Поддержать перед ханом князя Константина Василича в ущерб Москве решали и решили всем Новым Городом.
А все же зацепил Онцифор. Смолкли. Задумались. И верно ведь! Князя Семена уже и нет!
В просторной тесовой палате владычного двора, окаймленной опушенными лавками, с малыми слюдяными оконцами в рисунчатых свинцовых переплетах, украшенных вставками синего и красного стекла, где высят расписные лари с грамотами и казною дома Святой Софии и строго глядят со стен огромные, в три четверти роста, иконы новгородского, древлекиевского и византийского письма, за дубовым неохватным столом, накрытым красною, с золотыми парчовыми цветами, шелковою узорною скатертью и уставленным драгоценными сосудами из серебра, золота, расписного капа, веницейского хрусталя и поливной восточной глазури с многоразличными квасами, легким медом и красным фряжским вином, сидят бояре, собранные со всех концов великого города.
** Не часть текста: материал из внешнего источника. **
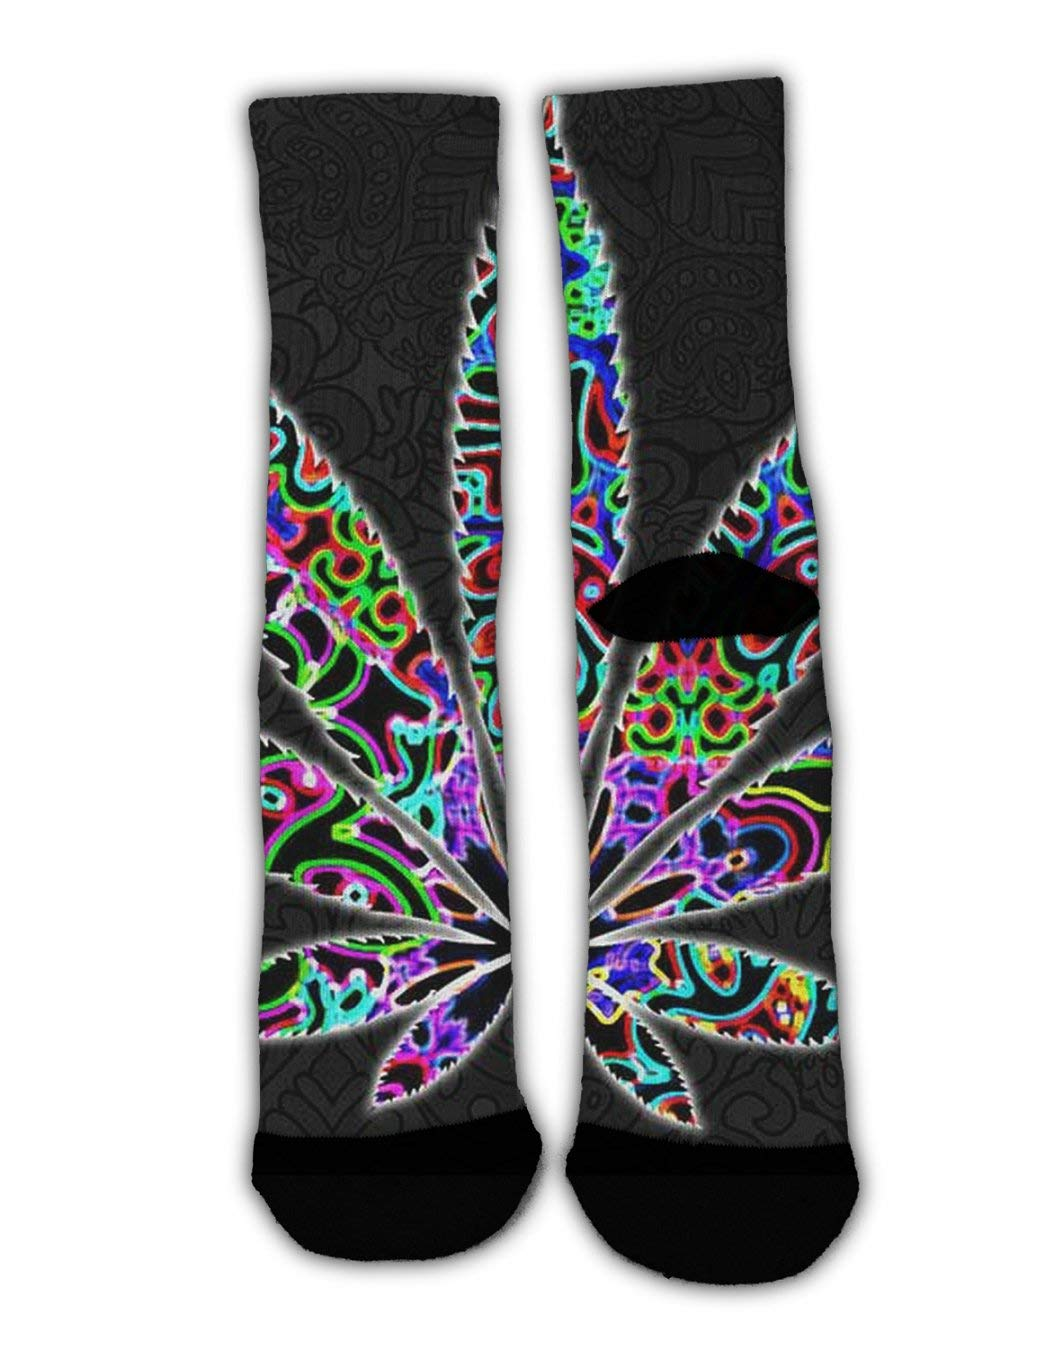 YEAHSPACE Kids Boys Girls Marijuana Weed Leaf Colorful Funky Dress Socks Fashion Cotton Crew Socks Holiday Socks Warm Winter Socks for Christmas New Year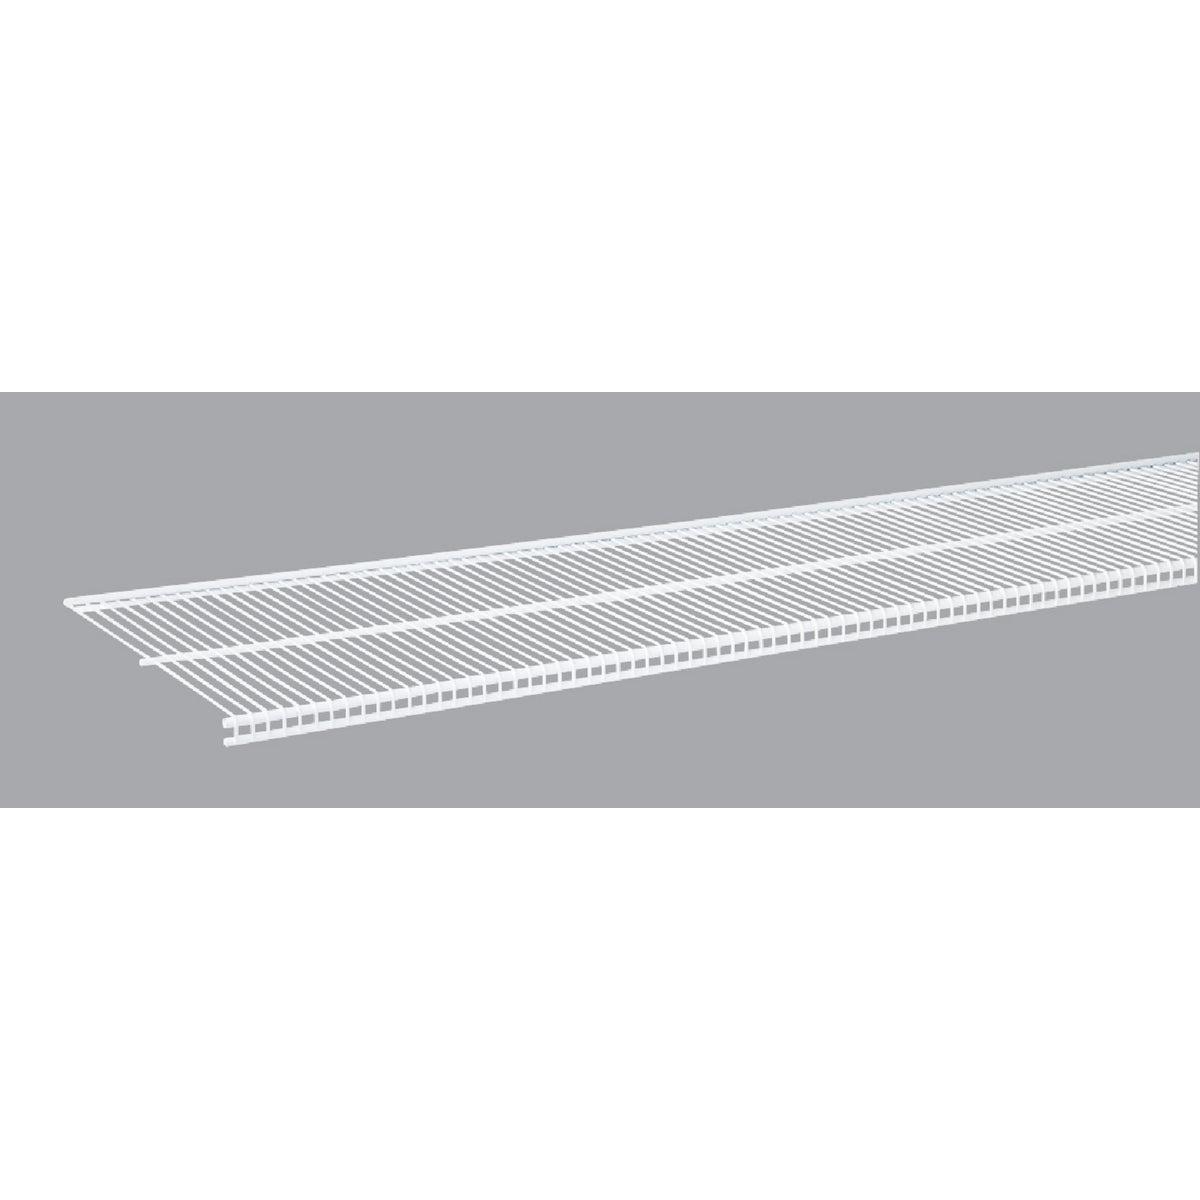 Organized Living Freedom Rail Profile Ventilated Closet Shelf (Formerly SpaceSaver Shelf), 1813124811

Сегодня обсуждают «сами о себе», хоть и в присутствии архиепископа, кому быть в измышленном Онцифором Лукиным совете господ – новом органе управления, впервые и навсегда отныне долженствующем свести воедино противоборствующие до сих пор партии кончанской знати, поскольку каждый из них будет посадник отныне, каждый будет иметь печать и власть решать кончанские дела, и уже из своей среды, боярской, посадничьей, будут они выбирать сменяемого ежегодно председателя – степенного посадника.
Совет, по мысли его создателей, должен прекратить навсегда кончанские споры и грозные всплески мятежей меньших, которые, начав с отдельных, неугодных вечу бояр, кончали иногда погромом всей Прусской улицы.
Знает ли Онцифор Лукин, предлагая новое устроение, знает ли он, что абсолютный порядок всегда есть начало конца? Что вятшие отныне будут все более наступать на интересы меньших и в тех ослабнет воля к борьбе, к защите города, и – чем окончит тогда вечевой строй северной республики? Что пока есть бурление сил – есть жизнь, и пусть кипение силы нарушает все время «грани закона», но порядок без силы – гибель? Знает ли?! Но знает и то, что рознь и свары тоже ведут к неизбежной гибели!
Порядок в стране (городе, коллективе, семье, наконец) появляется в двух случаях – и это неизбежность всей мировой истории: на подъеме, когда молодую нацию (город, семью) объединяет осознанная дисциплина, чувство плеча, чувство общего долга и порядок устанавливается как бы общей волею, направляя все силы народа к одной цели; и на упадке, на спаде, когда уже кончается, исшаивает, никнет кипение сил, когда порядок исходит сверху, от велений власти или обычая, и принимается не от осознания целей и общей нужды, а от безразличия, привычки или слабости перед властью. Обманчив, ох как обманчив порядок такой!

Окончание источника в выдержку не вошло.